**GIVEN INFORMATION:**
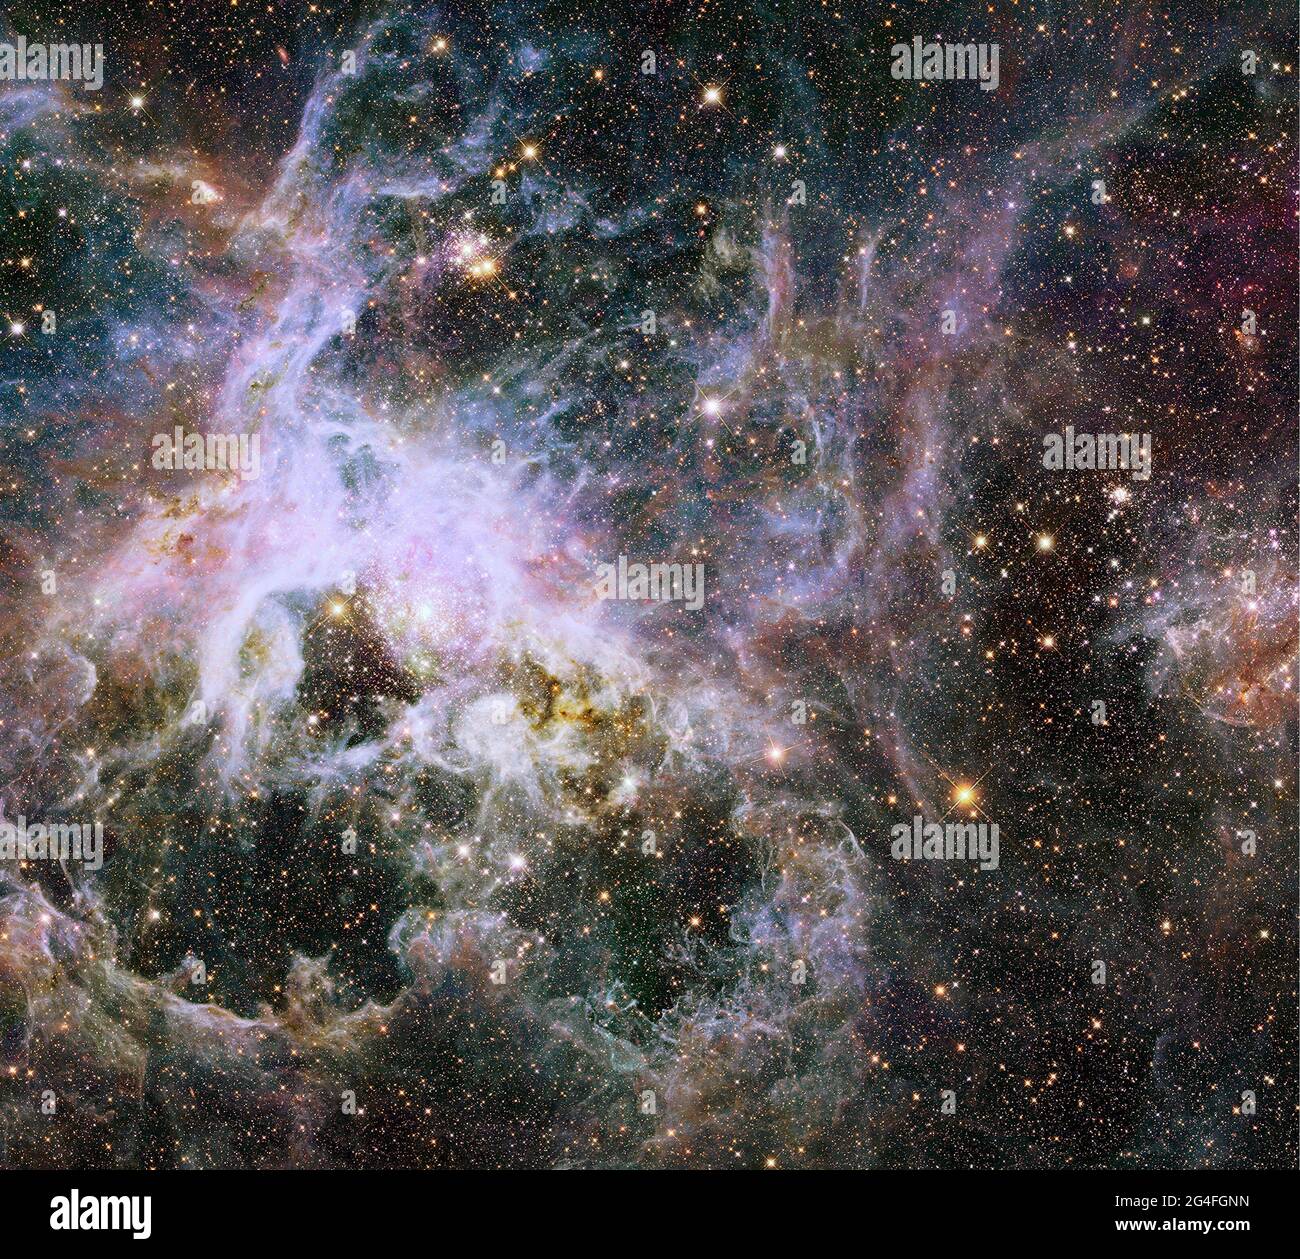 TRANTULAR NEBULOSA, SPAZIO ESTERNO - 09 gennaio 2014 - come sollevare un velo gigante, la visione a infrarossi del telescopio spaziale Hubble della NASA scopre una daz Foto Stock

---

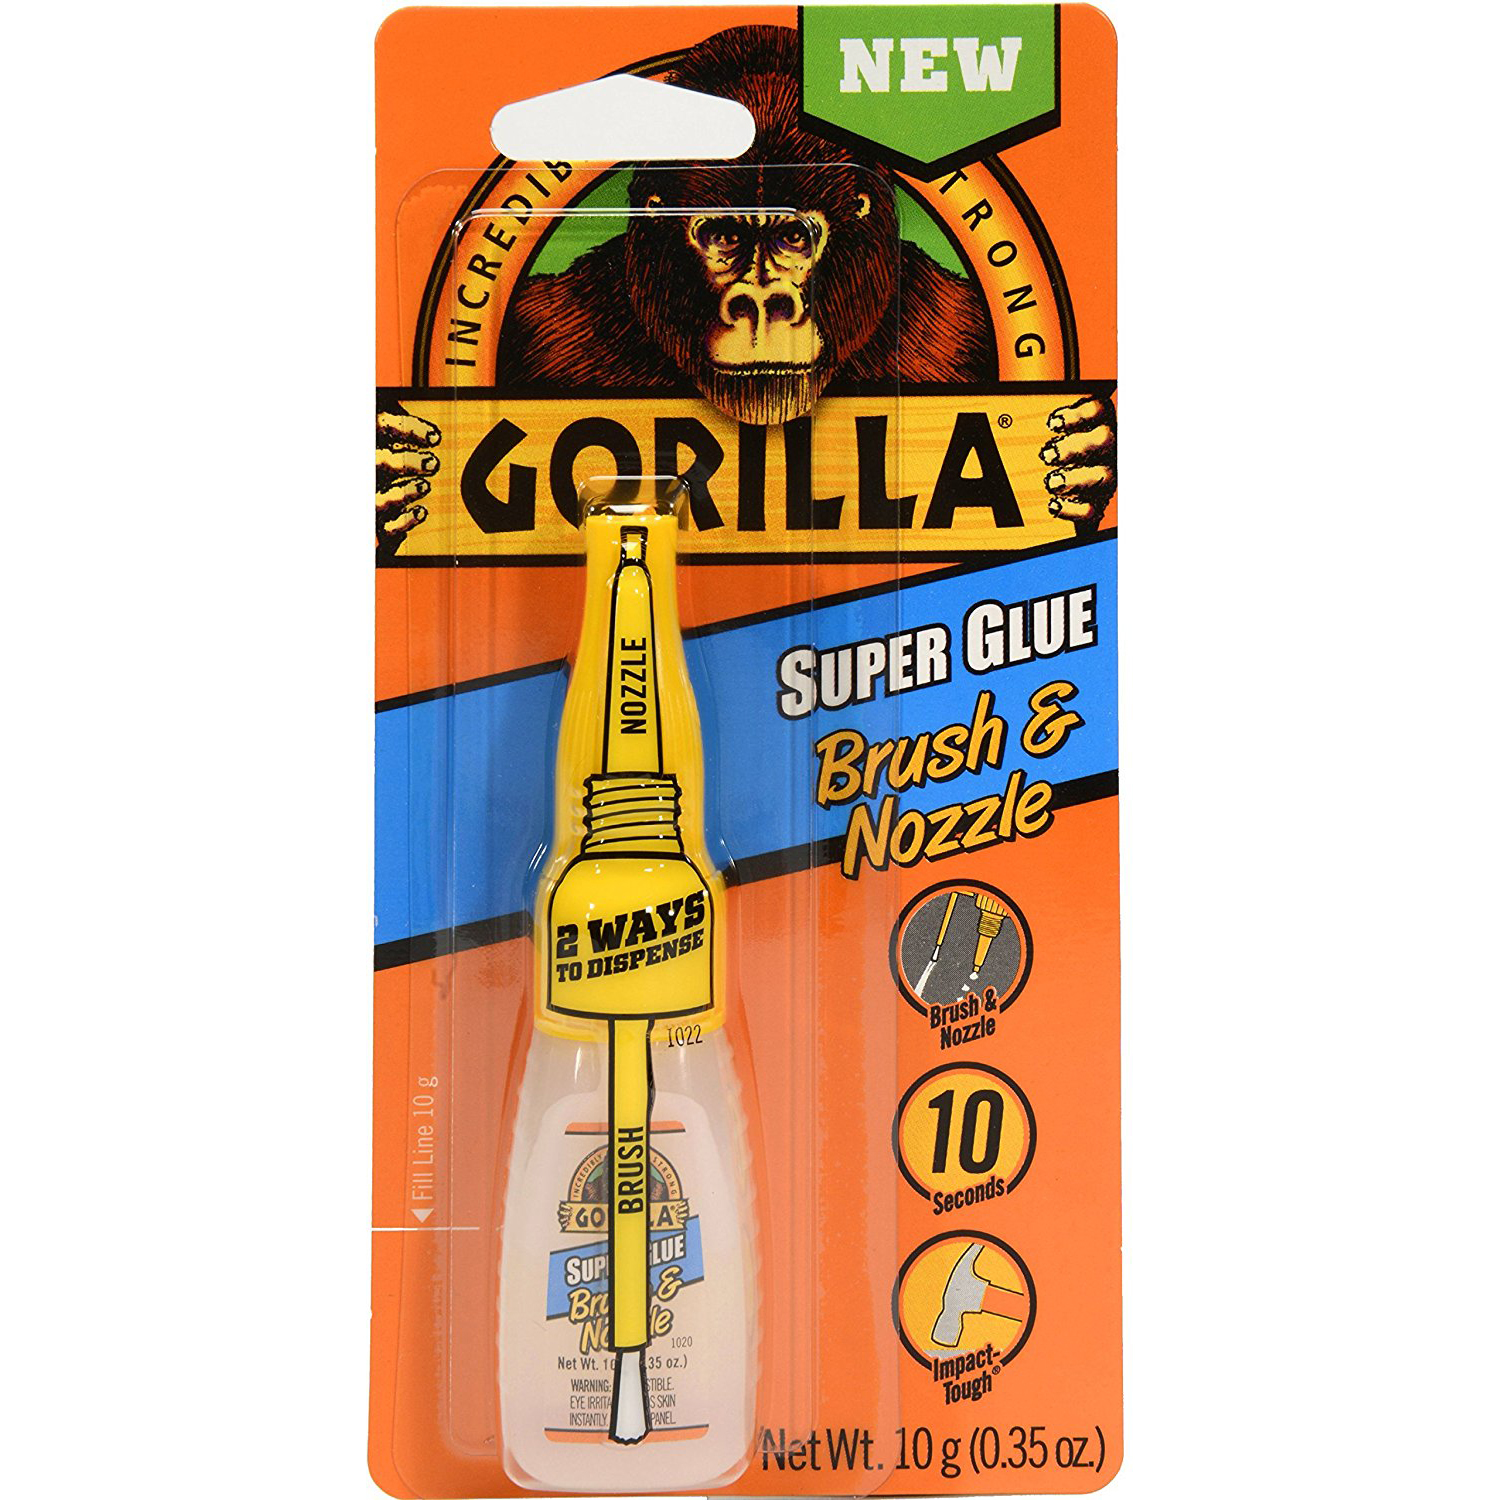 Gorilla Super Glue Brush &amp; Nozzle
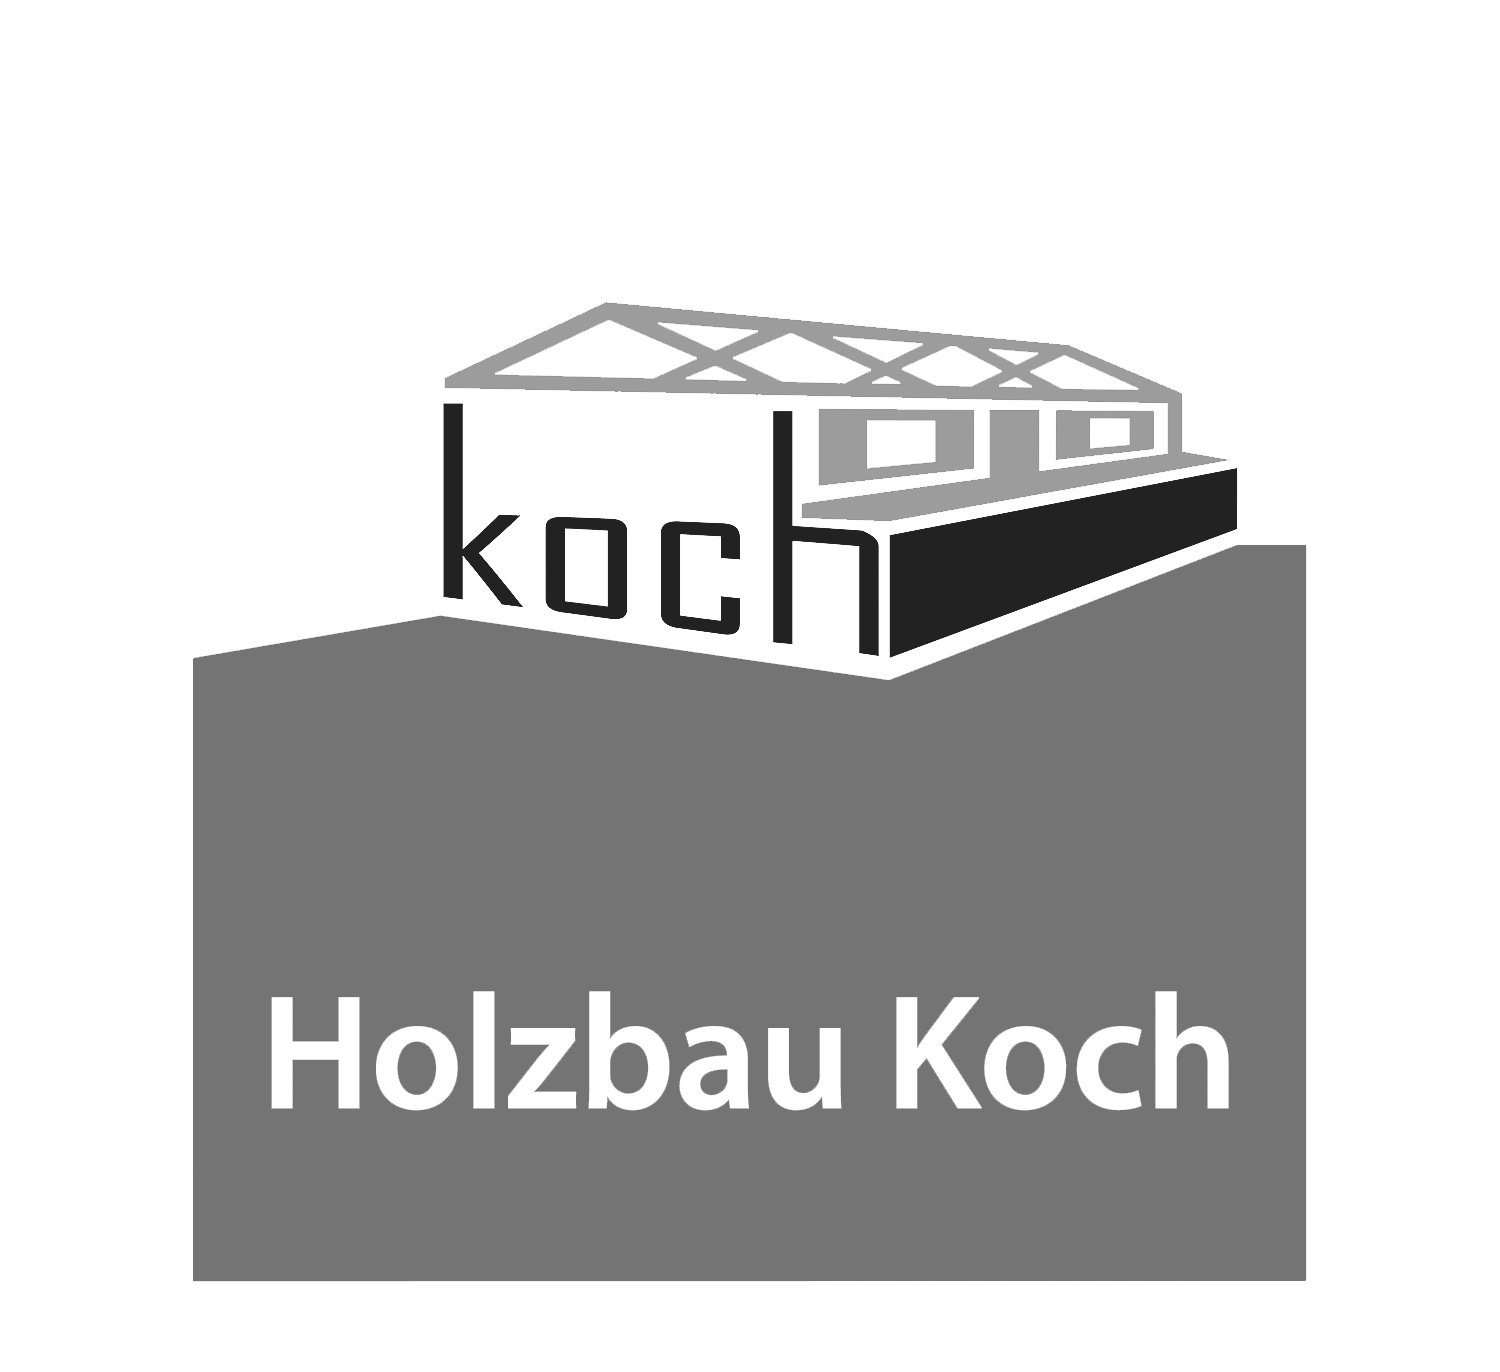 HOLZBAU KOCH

* * *

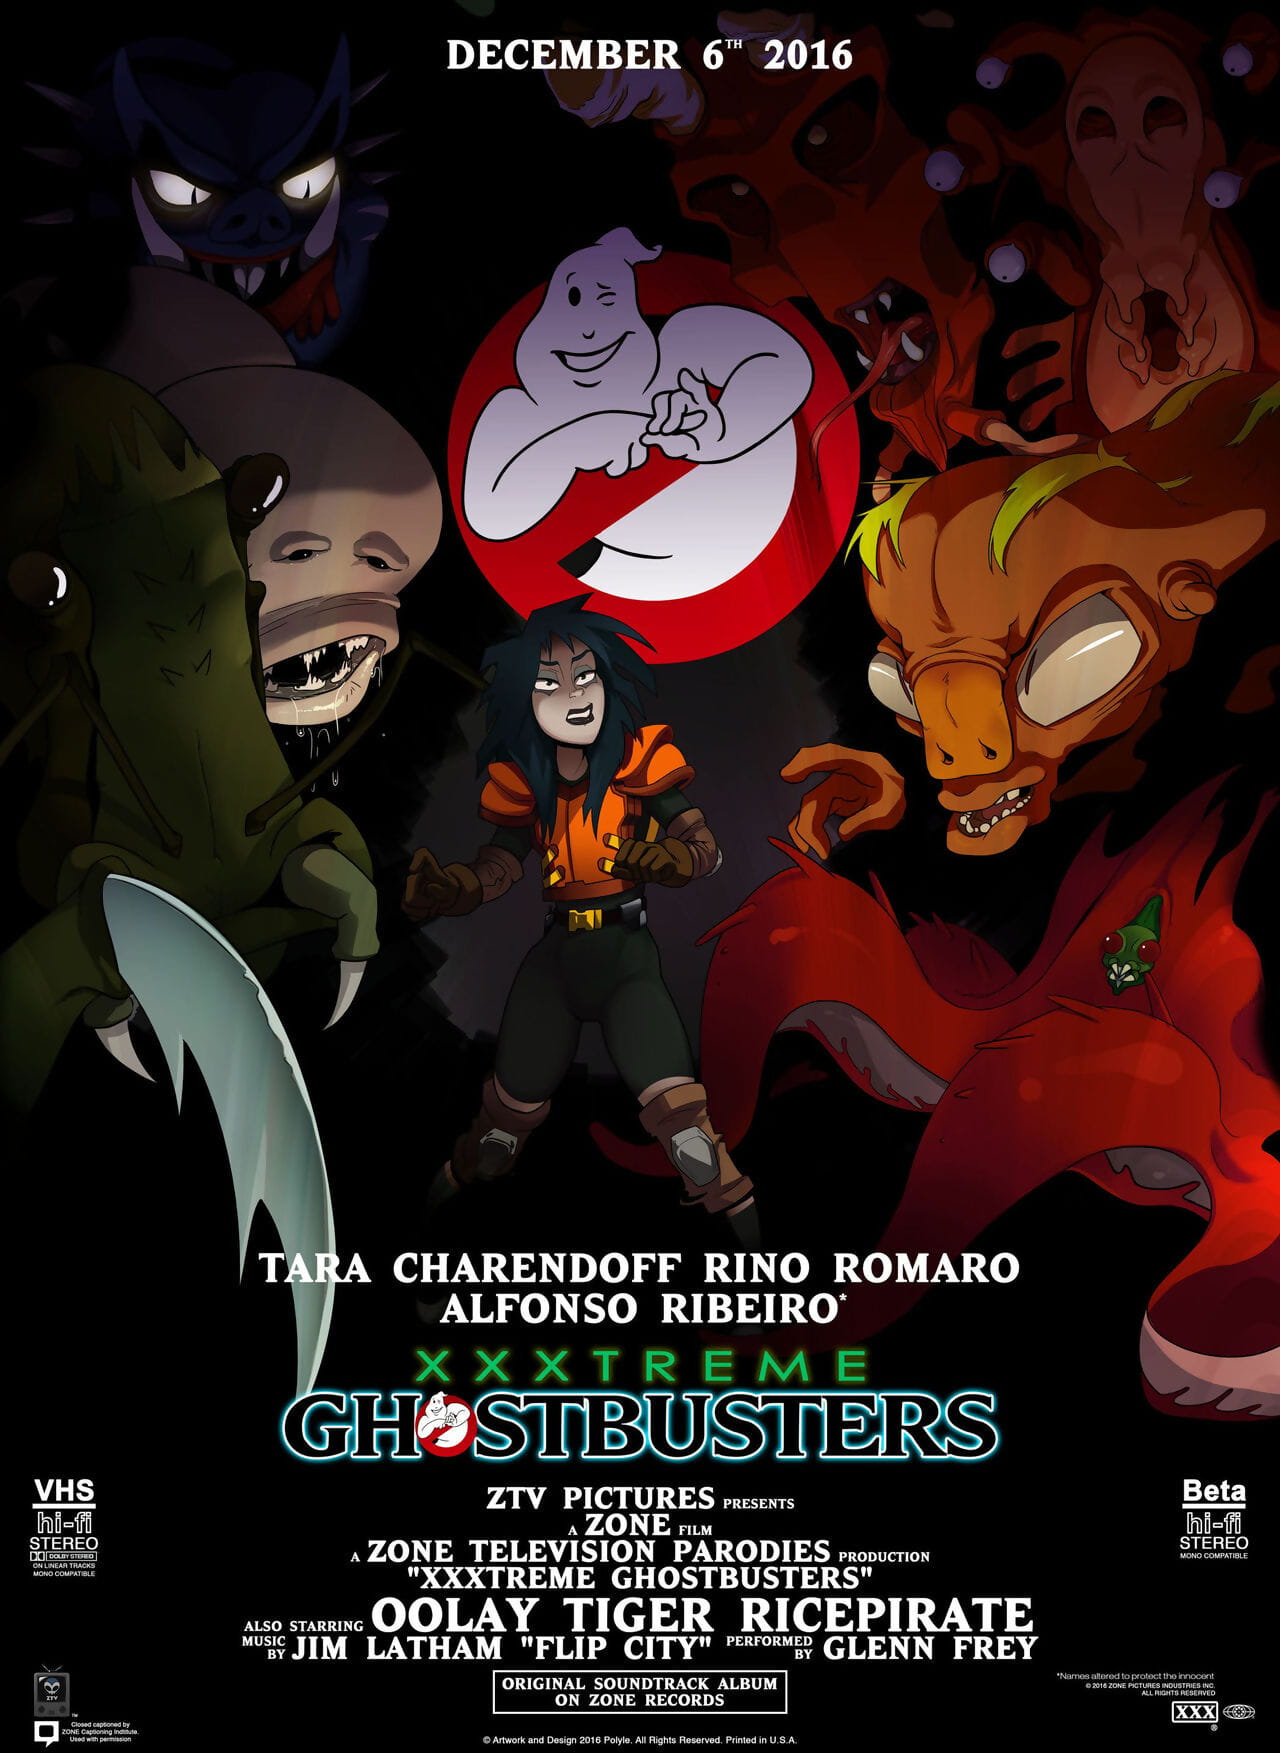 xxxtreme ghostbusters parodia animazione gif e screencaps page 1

**WORK REQUIRED:** Only one part of the listing is wanted: the lines from the one containing "Gorilla Super Glue Brush &amp; Nozzle" through the one containing "HOLZBAU KOCH", both included. Please transcribe it exactly, leaving out the pictures.

**THE ANSWER:**
 Gorilla Super Glue Brush &amp; Nozzle
 HOLZBAU KOCH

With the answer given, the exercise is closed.